Have a go at our next caption competition (above). Send entries by email only to captioncompetition@churchtimes.co.uk by 9 a.m., Monday 11 August.
We invite readers’ ideas for photos: please provide a credit and confirm that those pictured are happy for the photo to be used.
Here is the winning entry for the previous competition:
Susan WrightSusan Wright
The Rapture had started, but was experiencing a buffering problem (John Appleby)

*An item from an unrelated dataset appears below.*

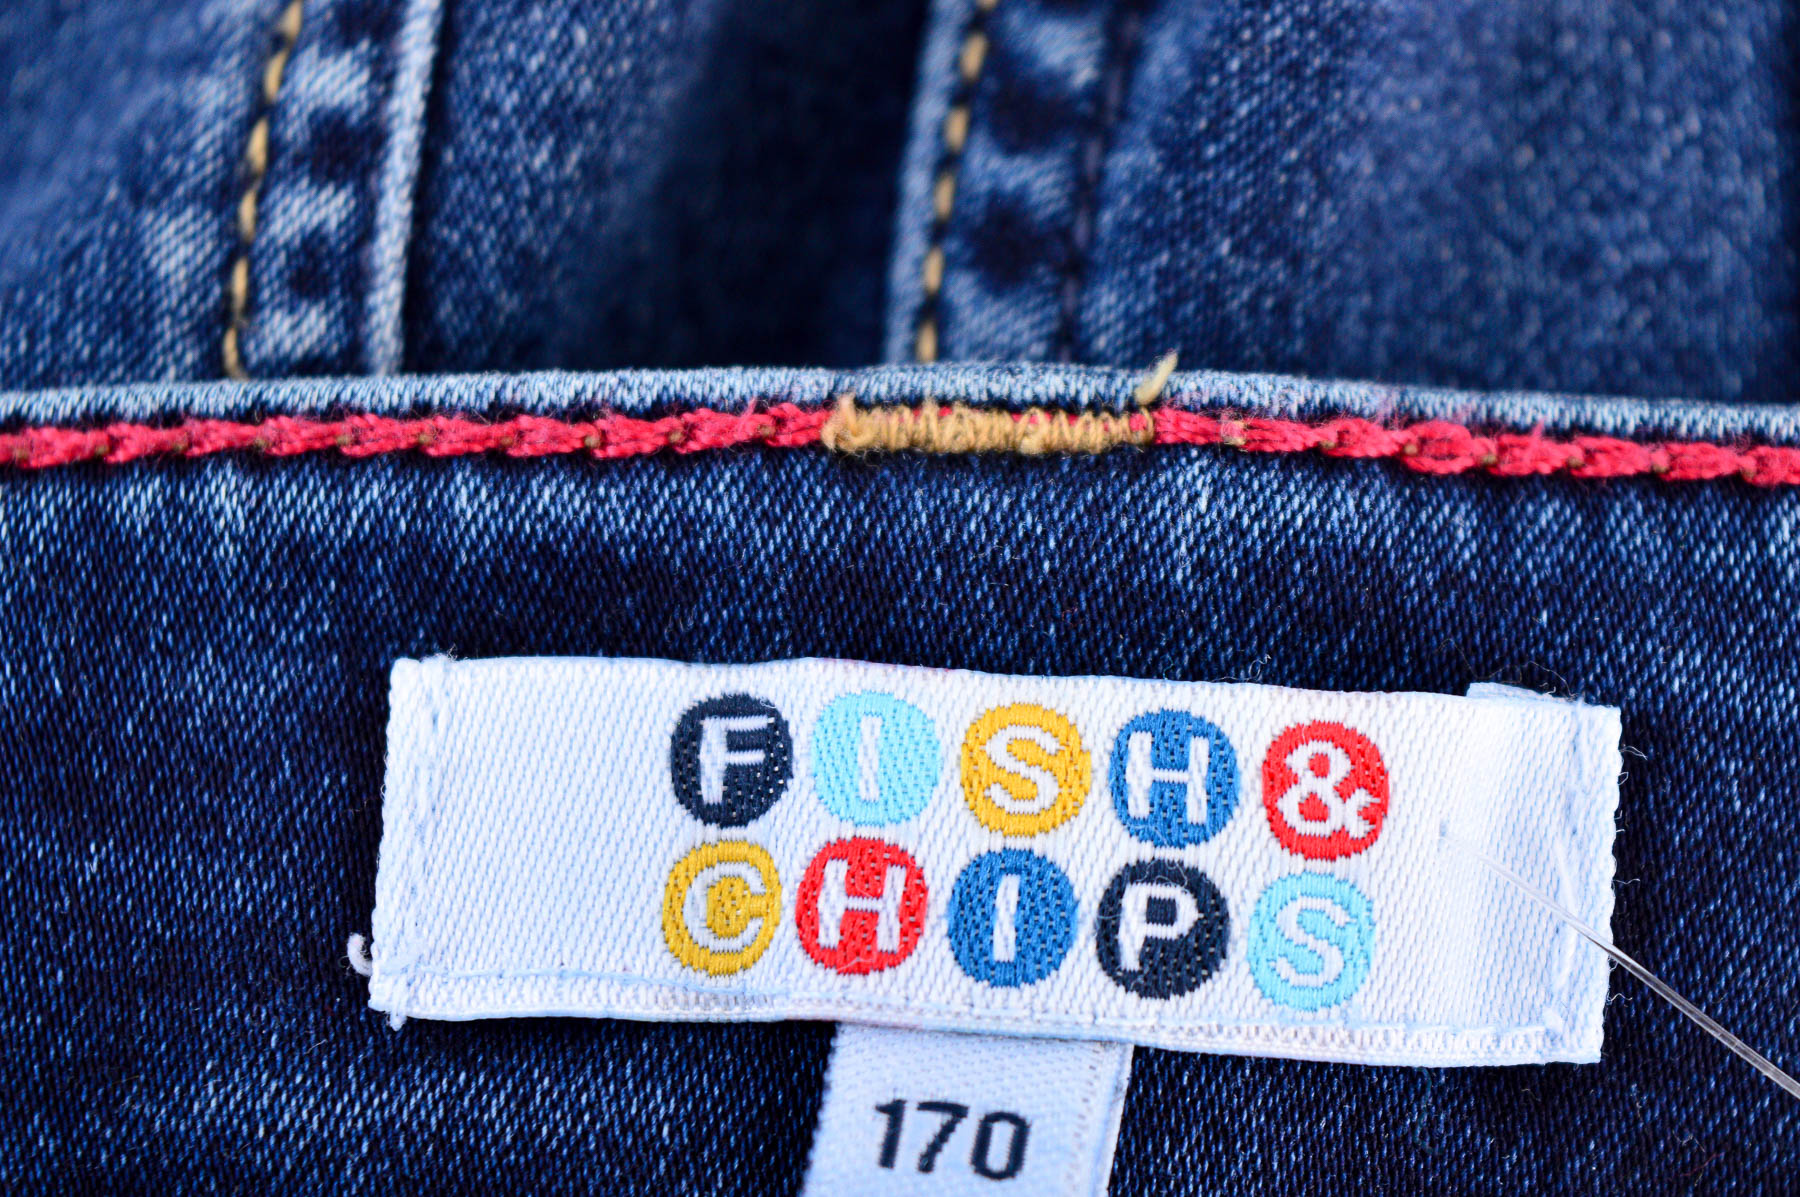 Girl's jeans - FISH & CHIPS - 2

A SELECTION of this week’s entries:
“Some like it hot!” (Robbie Porter); “Well, it makes a change from getting your knickers in a twist’’ (Peter Walker); “The first test of the cassock cannon to speed up robing doesn’t quite go to plan” (Philip Lickley); “Some brands of incense are stronger than others” (Patrick Irwin); “The Reverend was in the wrong place at the wrong time for the giant pancake competition!” (Fiona Drinkell); “Although swinging the thurible was a breeze, he was blown away by the whole event” (Martin Kettle); “She felt he’d gone a bit over the top with the com over” (Anthony Gore); “Is that the hat you wore for Ascot this year?” (Susan Patel); “The blue whale is taking communion today” (Helga Brandt); “How many times can a man turn his head And pretend that he just doesn’t see? The answer, MC, is blowin’ in the wind. . .” (Julian Ashton)
“Stole-way to heaven” (Fiona Mair); “Ms Monroe made this look so much easier” (Anne Robertson); “Surely you can cope with this garment” (Richard Hough); “Lot’s wife laid to rest at last” (John Saxbee); “The new lightweight cope really wasn’t up to the job” (Valerie Budd); “Robes that were surplice to requirement?” (Chris Coupe); “The thurifer wasn’t clear where the wind was coming from, but he had a pretty good idea where it was going” (Richard Strudwick); “(Nearly) Gone With The Wind” (Paul Lodge).
“The PCC accounts showed a large surplice” (Michael Doe); “Everyone enjoyed the impromptu game of Holy Hide and Seek!” (Jo Mash); “He had forgotten to put on the safety belt” (Brian Stevenson); “The occasion proved to be a very uplifting experience” (Michael Foster); “Unfortunately this was not the right occasion for a Pentecostal enactment” (Philip Goggin); “When you mishear ‘Bring your best ear to the church meeting’ and take it a little too literally” (Anthony Greenman); “Don’t get your vicar in a twist” (Alison Nuorto); “The sun has disappeared! Is it the end of the world?” (Nick Baker)
As ever, the winner receives a prize of Fairtrade chocolate, courtesy of Divine Chocolate.